The data Block Start

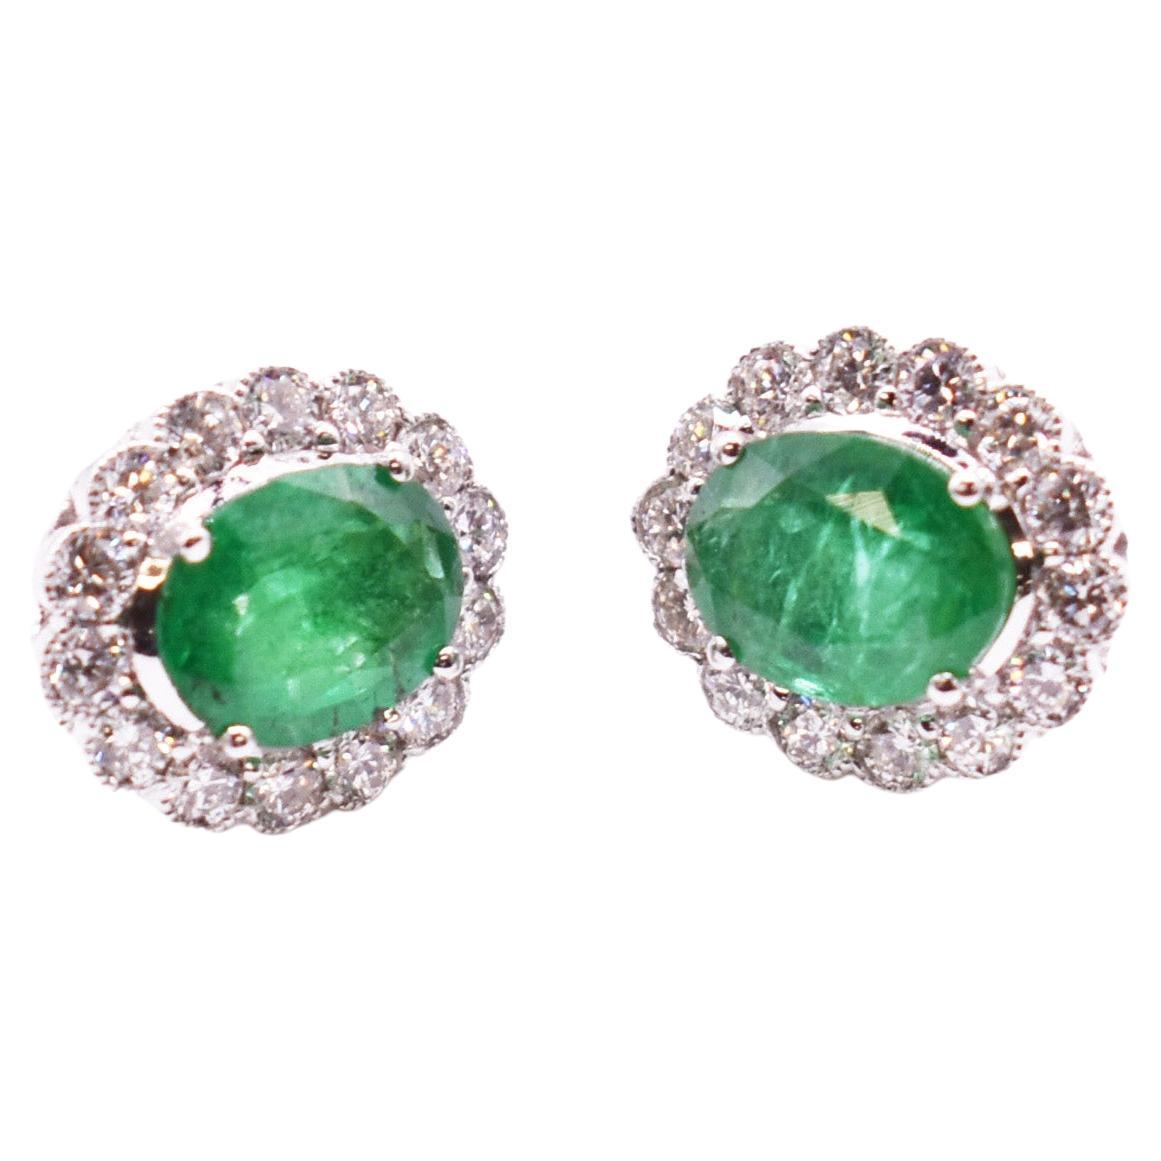 Pair of 18k White Gold Emerald & Diamond Earrings For Sale
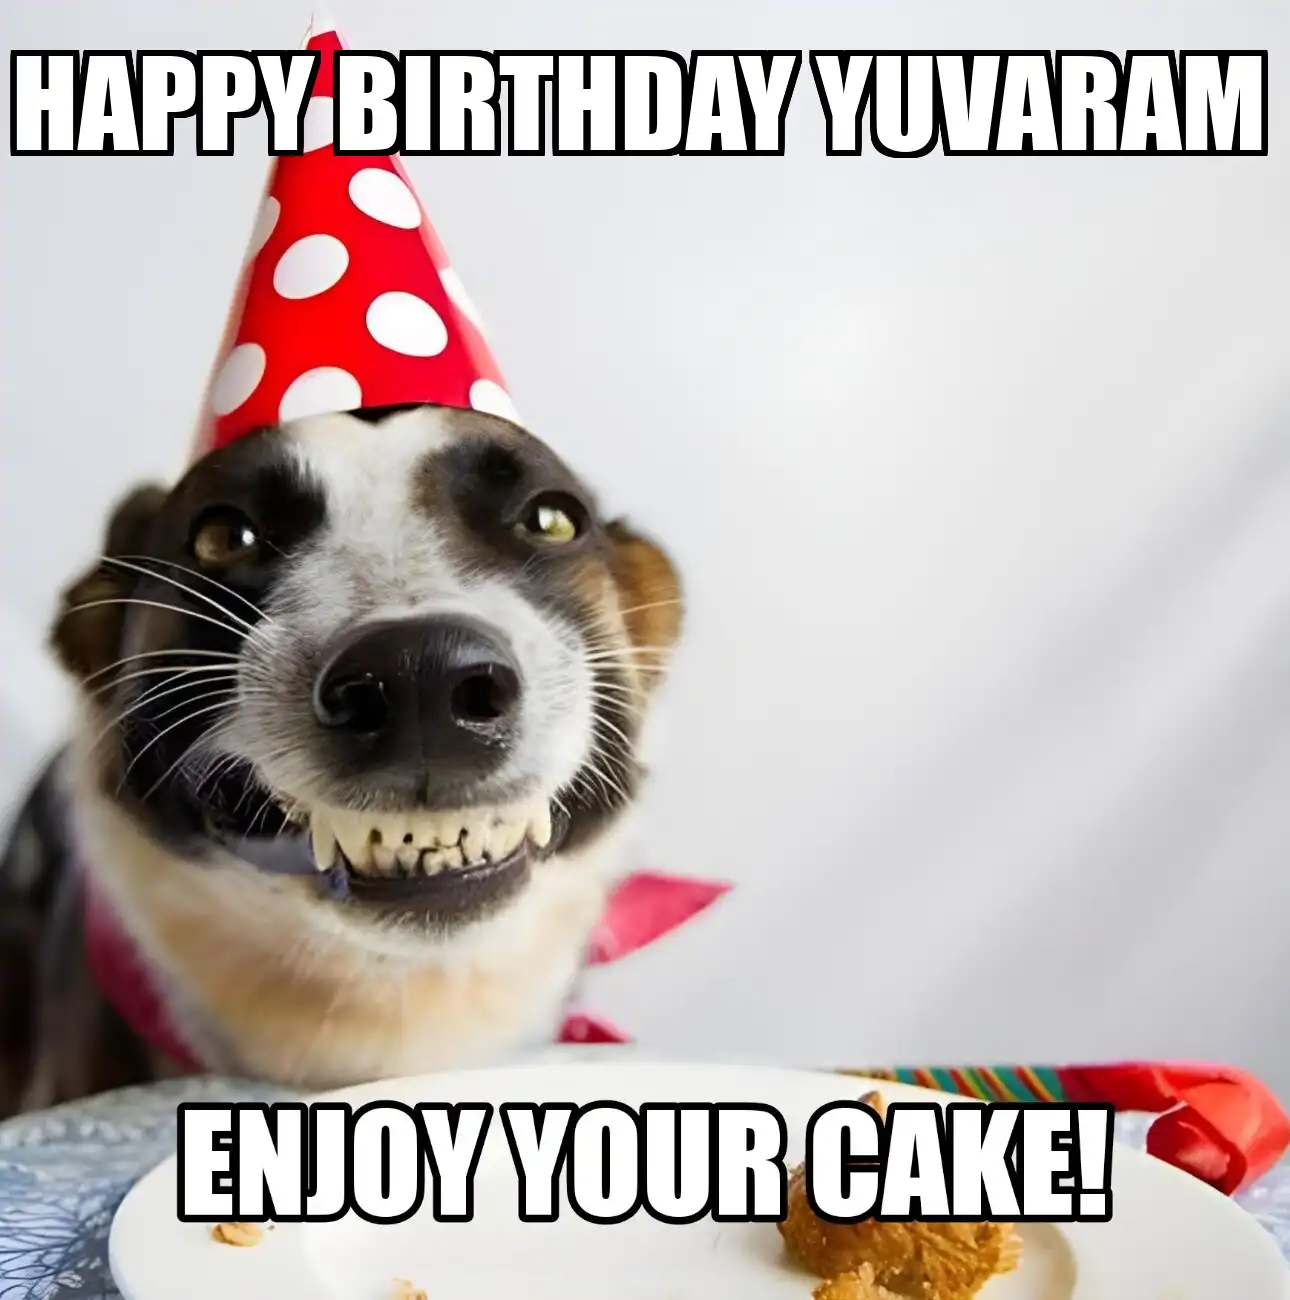 Happy Birthday Yuvaram Enjoy Your Cake Dog Meme
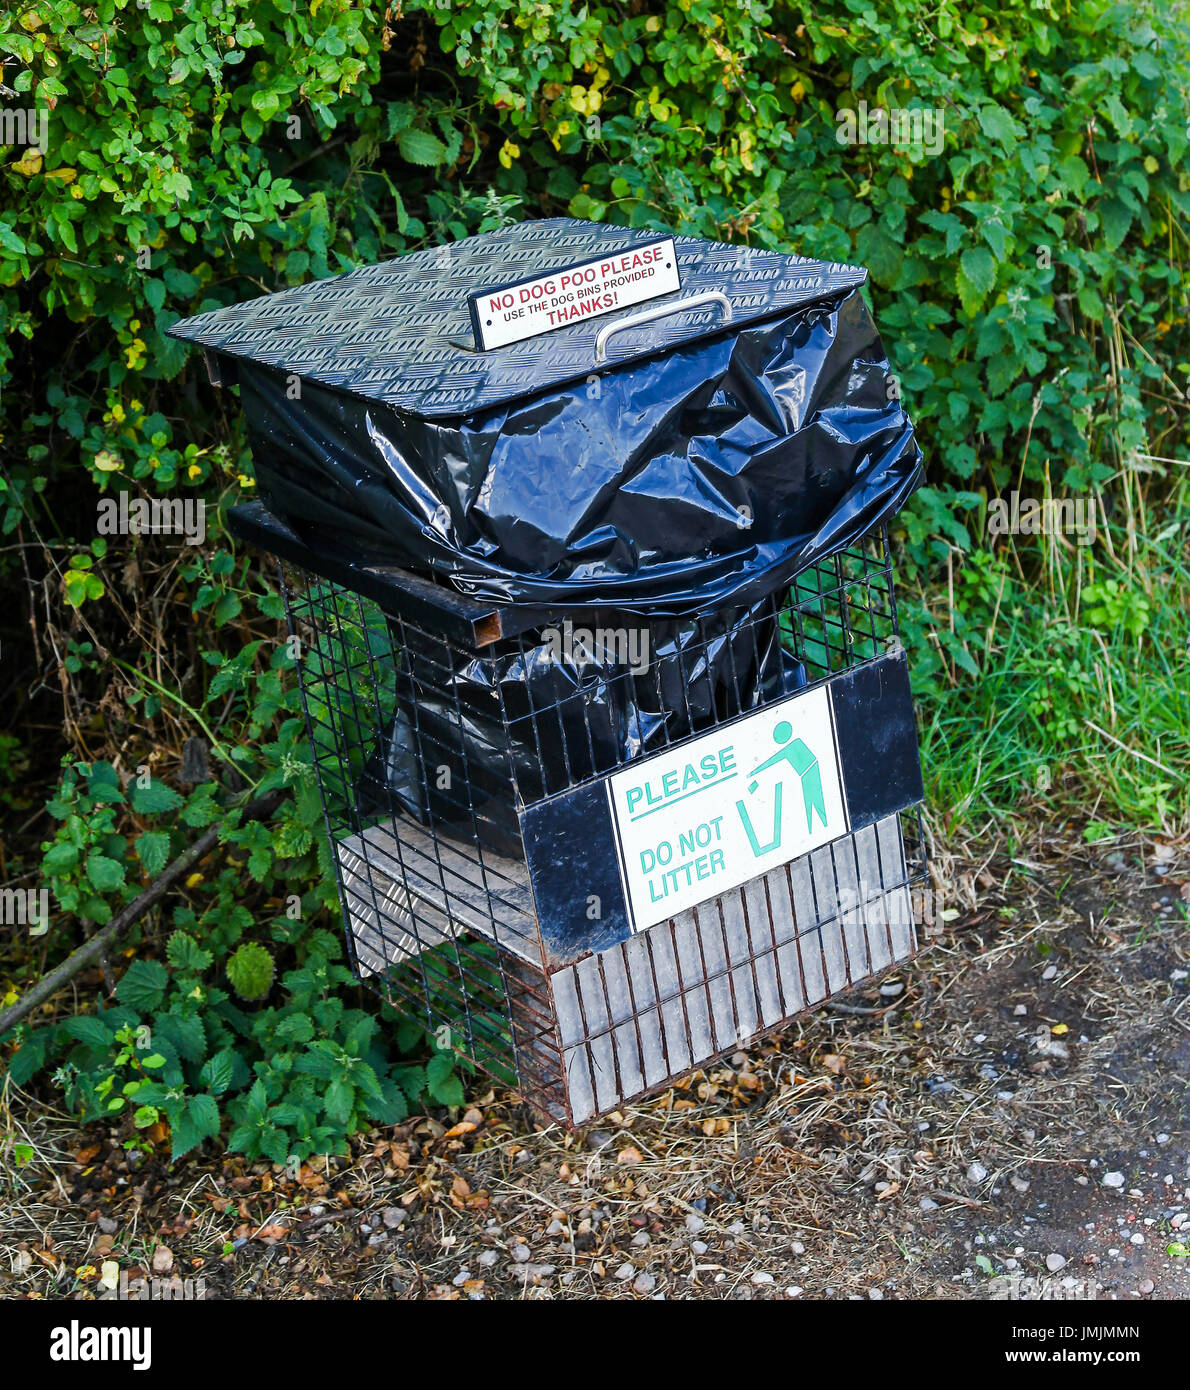 Una lettiera o bidone dei rifiuti con un segno su di esso dicendo "no dog poo si prega di utilizzare gli appositi cestini' Foto Stock
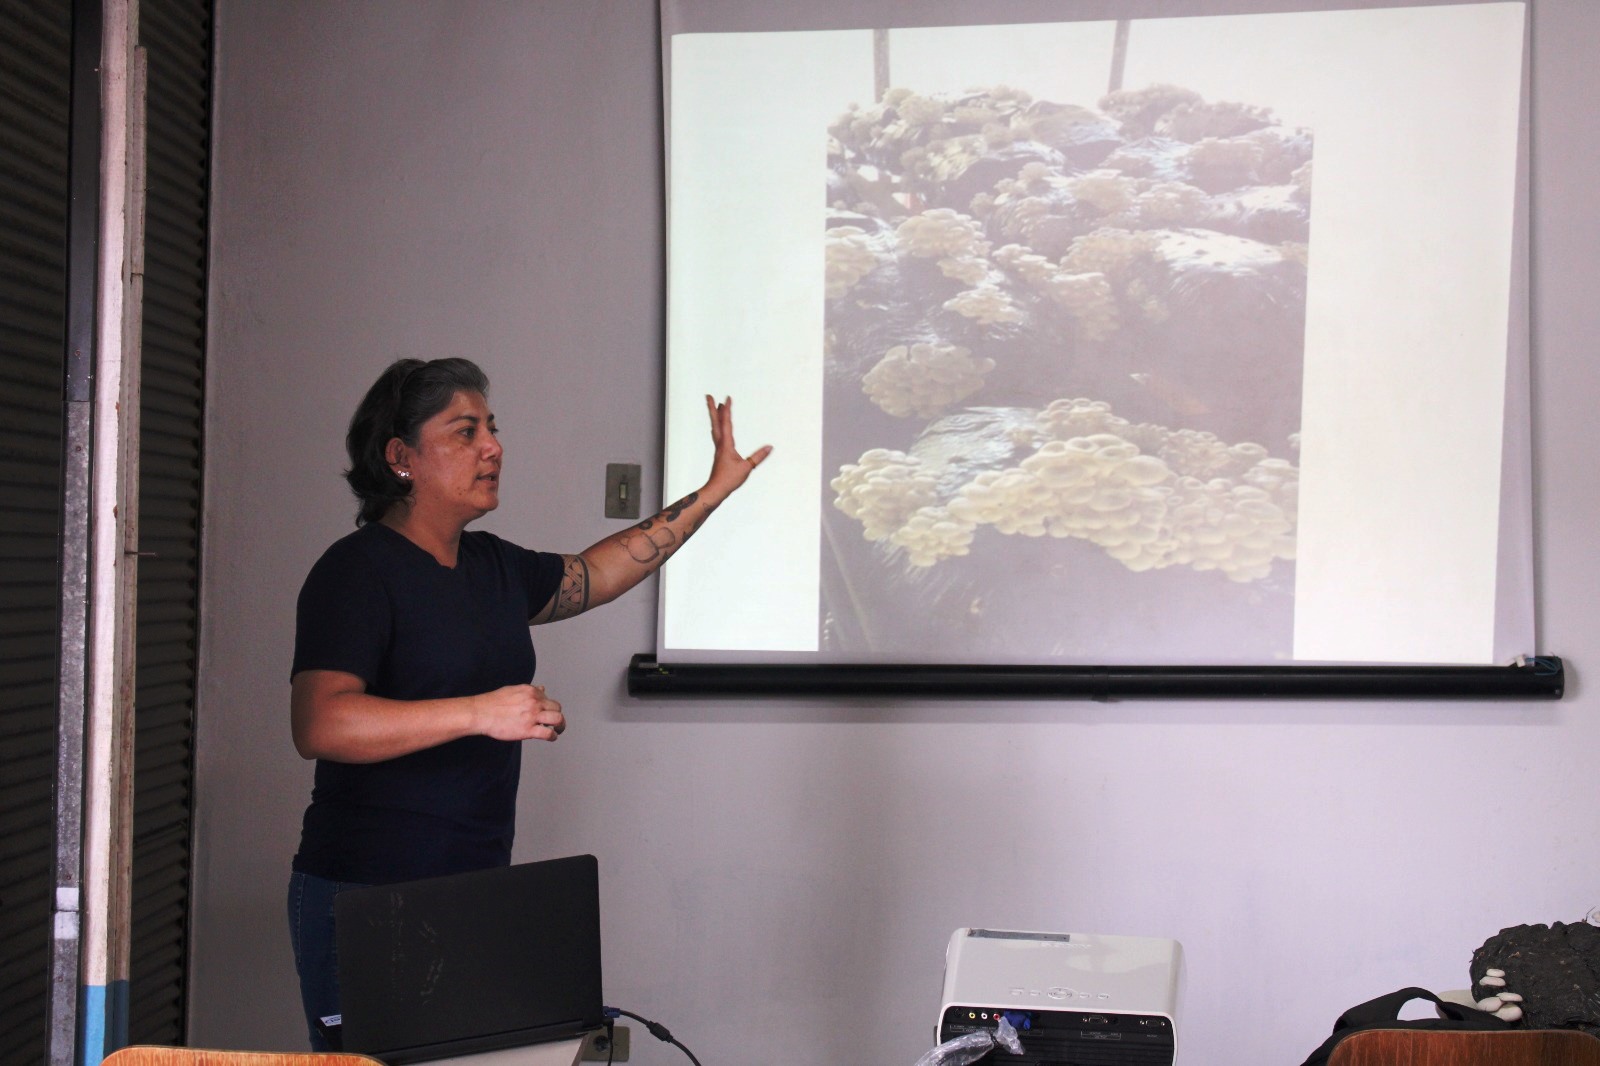 Prefeitura promoverá curso de cultivo de cogumelo Shitake - Itapecerica da  Serra

The data Block End

▸ **Your objective**
Your answer should set down the listing verbatim and leave out its images.

▸ **Task result**
 Pair of 18k White Gold Emerald & Diamond Earrings For Sale
 Happy Birthday Yuvaram Enjoy Your Cake Dog Meme
 Una lettiera o bidone dei rifiuti con un segno su di esso dicendo "no dog poo si prega di utilizzare gli appositi cestini' Foto Stock
 Prefeitura promoverá curso de cultivo de cogumelo Shitake - Itapecerica da  Serra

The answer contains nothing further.